On DA elections:   This really useful paper by Ronald Wright at Wake Forest http://moritzlaw.osu.edu/students/groups/osjcl/files/2012/05/Wright-FinalPDF.pdf summarizes what is and is not known about DA elections.  Here are the re-election figures that Jim wanted to know:

The chief prosecutors in the 2,344 separate prosecutorial districts in the United States hold very secure jobs. We can begin with the success rate of incumbents across all general election races: the sitting prosecutors won 71% of the general elections.  The more pertinent number, however, is the success rate of incumbent prosecutors in elections when they seek re-election. Because the incumbent sought re-election in only 75% of all general election campaigns, the  incumbent success rate when running for office was 95%.
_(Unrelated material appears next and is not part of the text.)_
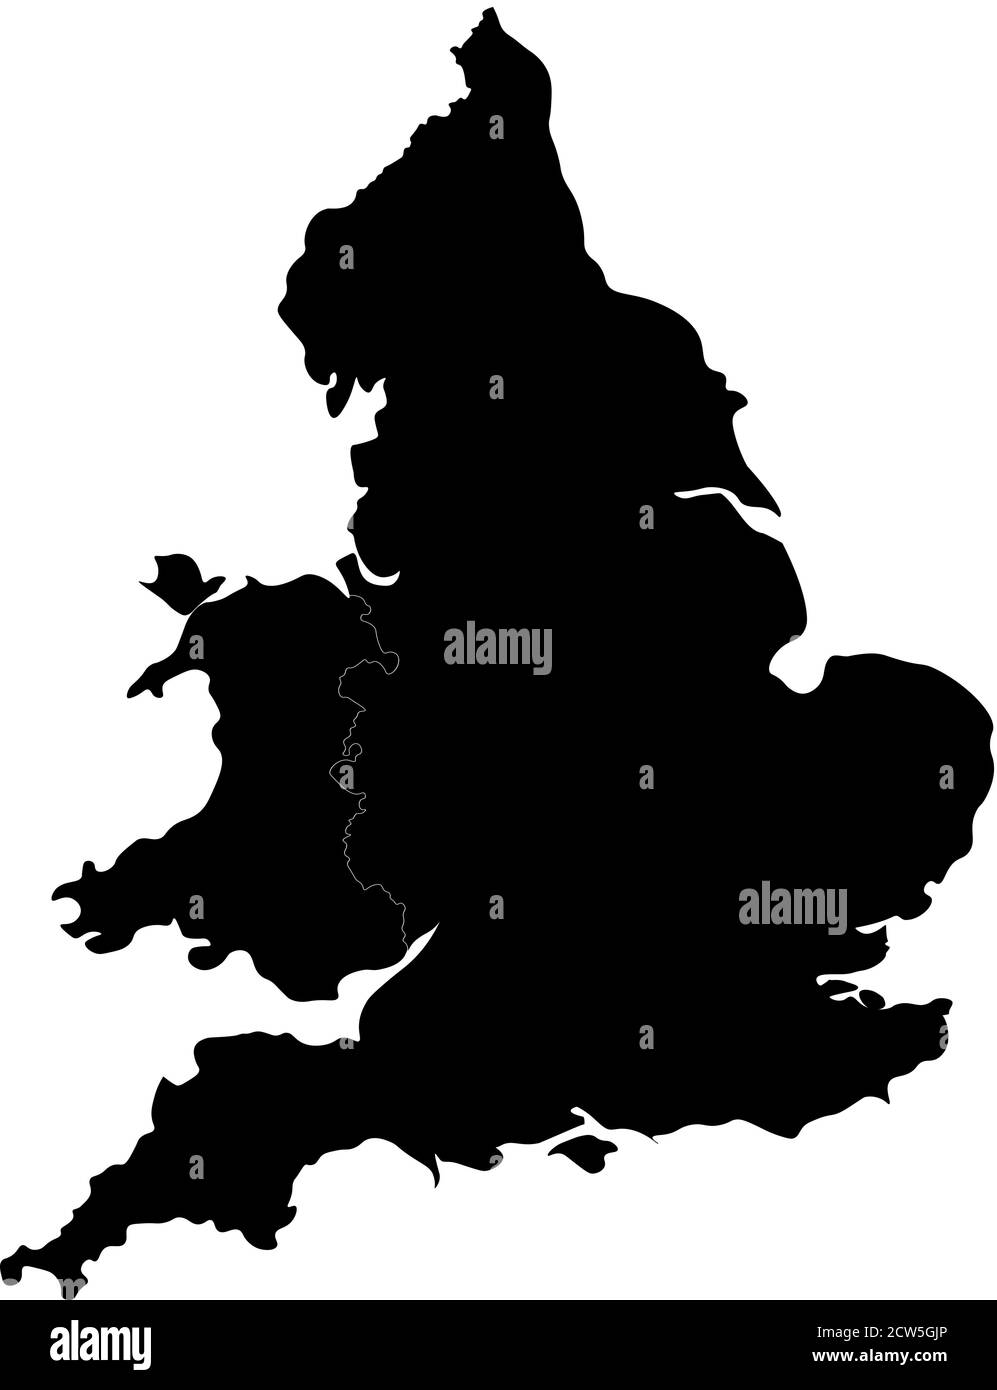 Silhouette de l'Angleterre et du pays de Galles. Carte bien conçue avec bords arrondis pour un look élégant. Illustration vectorielle. Illustration de Vecteur

The prosecutor controls what evidence to present to the grand jury.  There is certainly no need or requirement that he present everything to the grand jury.  Grand juries often hear lots of witnesses for complex crimes (e.g. organized crime rings), but people who follow grand juries more closely than I do say that this was an unusual number of witnesses to call for a relatively simple event (one cop, one victim, one location).    Again, remember that the standard is low:  the prosecutor only has to persuade 3/4ths of the grand jury that there is “probable cause” to believe that a crime has occurred.  

The sheer number of witnesses and the disclosure of the testimony after the grand jury hearing was over made it look like there was a regular trial.  But of course there wasn’t.   The normal procedures, protections and safeguards one finds in a trial are not operating in a grand jury setting.   Witnesses have no right to counsel present in the grand jury room.  The rules of evidence are not followed, so there is no bar to hearsay, inflammatory photographs and the like.   And there was no cross-examination as there would have been in a real trial because grand jury hearings are not adversarial processes.   Most crucially, the defense case was not presented – unless the prosecutor presented it instead.   

I’m stunned with the sheer magnitude of fatal police shootings in the US.   Here is a graph that shows number of fatal shootings by police in the US from FiveThirtyEight in an essay “Nobody Knows How Many Americans the Police Kill Each Year.”  As the title reveals, all measures are flawed, and they disagree.  

 

 

 

·         FBI = shooting deaths reported by local police departments to the FBI.  But many police departments don’t report – e.g. no police departments in Florida have reported since 1997.

·         NVSS = autopsy reports attributing cause of death to “legal intervention” (public health statistics).  But coroners don’t always know that a police officer fired the bullet that caused the death -  plus this number also apparently includes executions. 

·         BJS = Bureau of Justice statistics from household surveys, widely considered by criminologists to be the most accurate number – but it is slow to be published and requires someone living to report on someone who was killed, so it might not include now-dead people who living on the streets or with no family etc. 

But of course the biggest distortion in the estimate is that these figures only record the “justifiable homicides” in the case of the FBI numbers which implies that the unjustifiable homicides are apparently elsewhere classified.   And they mix up legal executions with shoot-to-kill on the streets in the case of the NVSS numbers.   And they include only “arrest-related homicides” in the case of the BJS, which means that police shootings outside of the arrest context are not reported. 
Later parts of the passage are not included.